Pendidikan Masyarakat Adat
Pada tahun 2022, Daya Dakasi mengundang Pilin Yapu untuk melakukan inspeksi ke Ifugao, ia adalah kepala sekolah eksperimen penduduk asli —— Sekolah Dasar P’uma di Taichung, yang juga membidani pendidikan eksperimen penduduk asli Taiwan.
Ia mengatakan, “Taiwan memiliki pemerintahan yang menerapkan kebijakan bagi penduduk asli, sedangkan kemampuan lokal Filipina kebanyakan terkonsentrasi di universitas.” Mungkin karena besarnya ragam kelompok etnis lokal Filipina sehingga tidak memungkinkan untuk mengembangkan kurikulum tiap-tiap kelompok etnis, tetapi dengan memanfaatkan universitas lokal dalam mengembangkan bahan ajar menjadi modul dan metode pengajaran, mengundang orang-orang dari masing-masing kelompok etnis untuk belajar. Metode ini menunjukkan vitalitas pengembangan otonom di universitas dan keragaman saluran pelatihan pengajar, Pilin Yapu melihatnya sebagai keunggulan yang dapat dijadikan referensi dalam pembinaan guru di Taiwan.
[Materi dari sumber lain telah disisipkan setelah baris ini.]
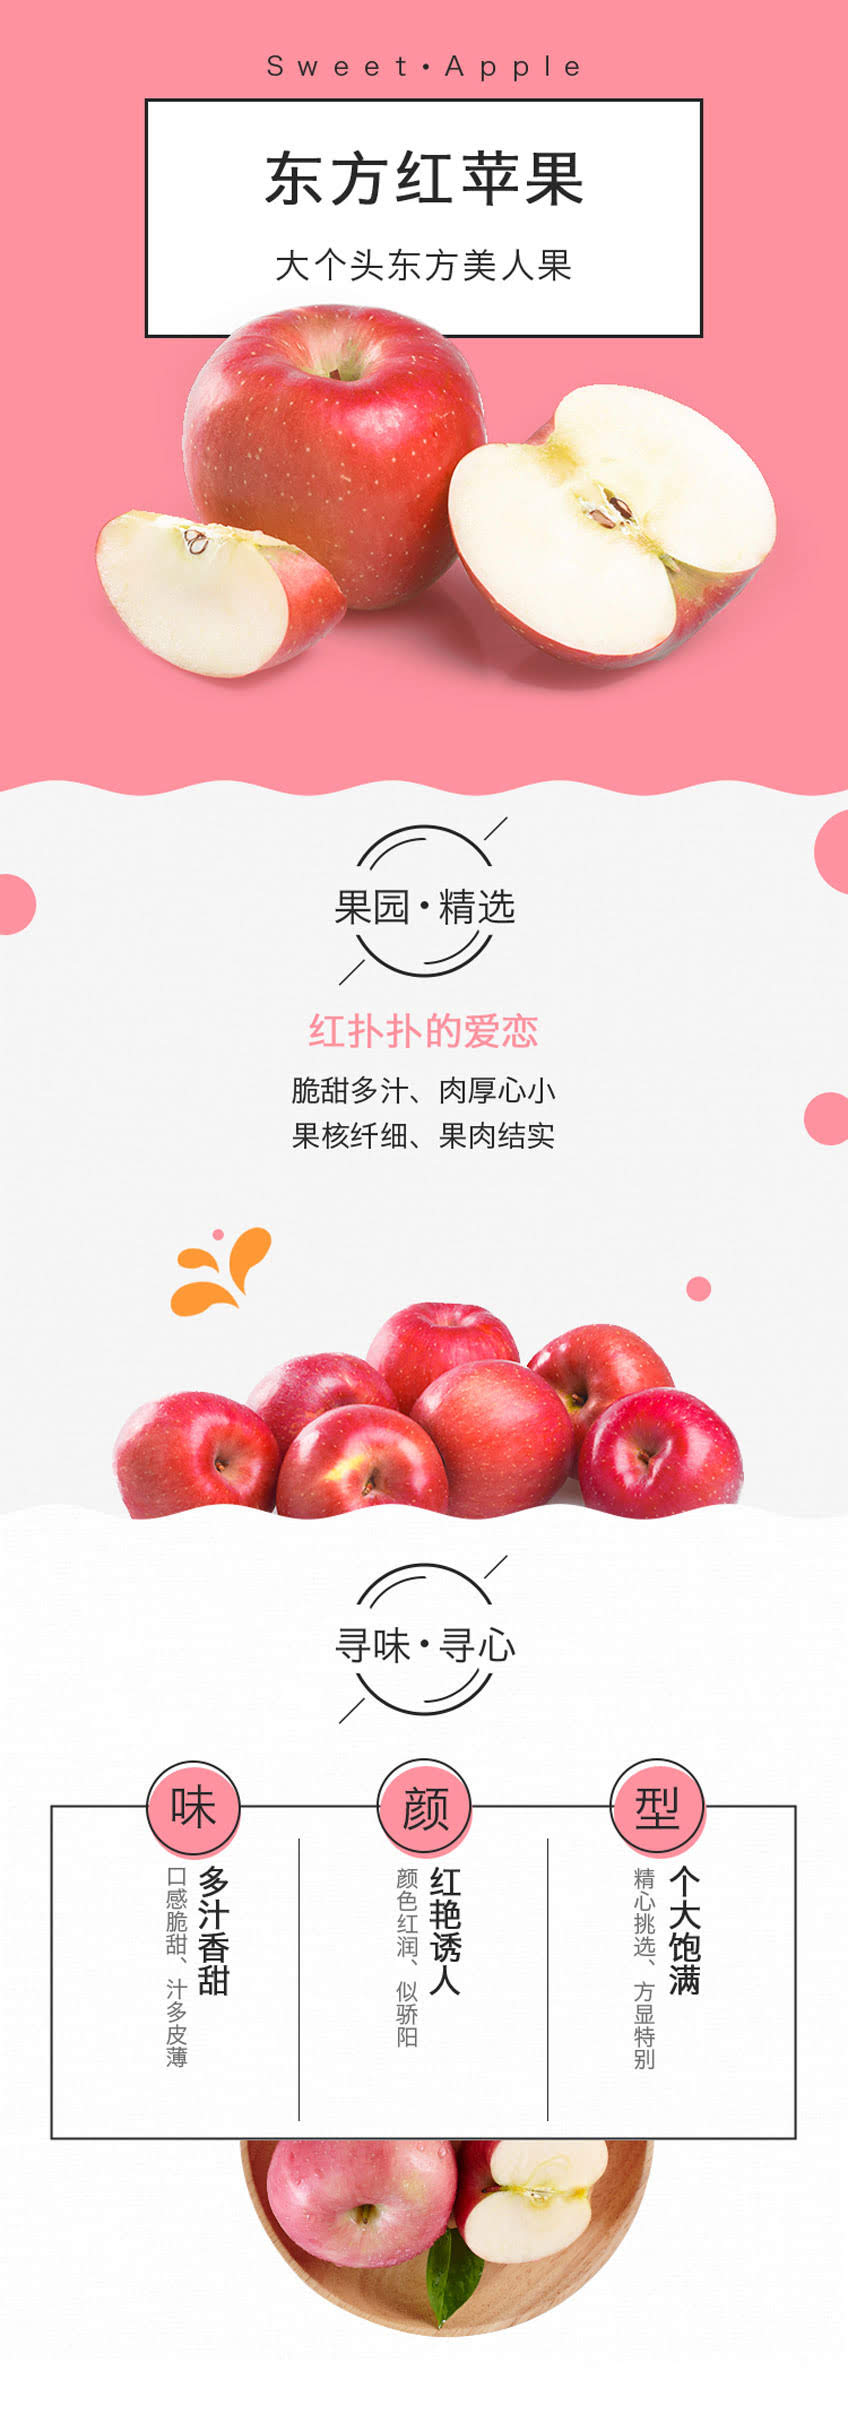 【百果园公司 招牌-东方红苹果(大 1.8-2斤

Sedangkan di Taiwan, di mana Undang-Undang Pendidikan bagi Penduduk Asli diberlakukan, setiap suku dapat mengembangkan kurikulum khusus bagi suku mereka sendiri. Sebagai contohnya suku atayal, Pilin Yapu melalui konsultasi mengenai nilai inti pendidikan budaya suku Atayal dengan para sesepuh, dan menyimpulkan “Atayal na balay Kinya lyutu na Atayan” (menjadi manusia sejati, memiliki jiwa seorang Atayal), dengan berpusat pada ajaran leluhur suku Atayal GAGA, terbagi menjadi 7 arahan besar, 26 tema, 338 unit, dengan total 2.560 bab. Pengalaman seperti ini dibawanya ke Filipina untuk dibagikan membuat penduduk lokal setempat takjub.
Menilik dari konten bahan ajar, kepala sekolah menunjukkan, bahan ajar lokal Ifugao berfokus pada pewarisan budaya dan pewarisan keterampilan, sedangan konten pelajaran Taiwan lebih bersifat menyeluruh, mulai dari semangat suku Atayal, kosmologi, filsafat, ritual musiman hingga ke sejarah komunitas, organisasi sosial, lagu rakyat, sejarah migrasi dan lainnya, “Kami lebih komprehensif.”

Pilin Yupa (kiri) diundang ke Ifugao, Filipina untuk berbagi pengalaman pendidikan penduduk asli Taiwan. (Foto: Daya Dakasi)

Pilin Yapu menyampaikan, jalur pendidikan etnis lokal Ifugao lebih bergantung pada para aktifivis, khususnya kemampuan universitas setempat. (Foto: Pilin Yapu)
Lokal Adalah Jalan Menuju Global
Di era ketika pentingnya pengetahuan penduduk asli dibicarakan di seluruh dunia, penduduk asli Taiwan dan Filipina menghadapi permasalahan, bagaimana budaya tradisional beradaptasi dalam masyarakat modern, “Lokal adalah jalan untuk menuju global, melalui berbagi pengalaman, saling memberikan dukungan antara penduduk asli dalam menghadapi berbagai tantangan.” Daya Dakasi mengungkapkan kalimat yang menyoroti inti dari pertukaran masyarakat adat Taiwan dan Filipina.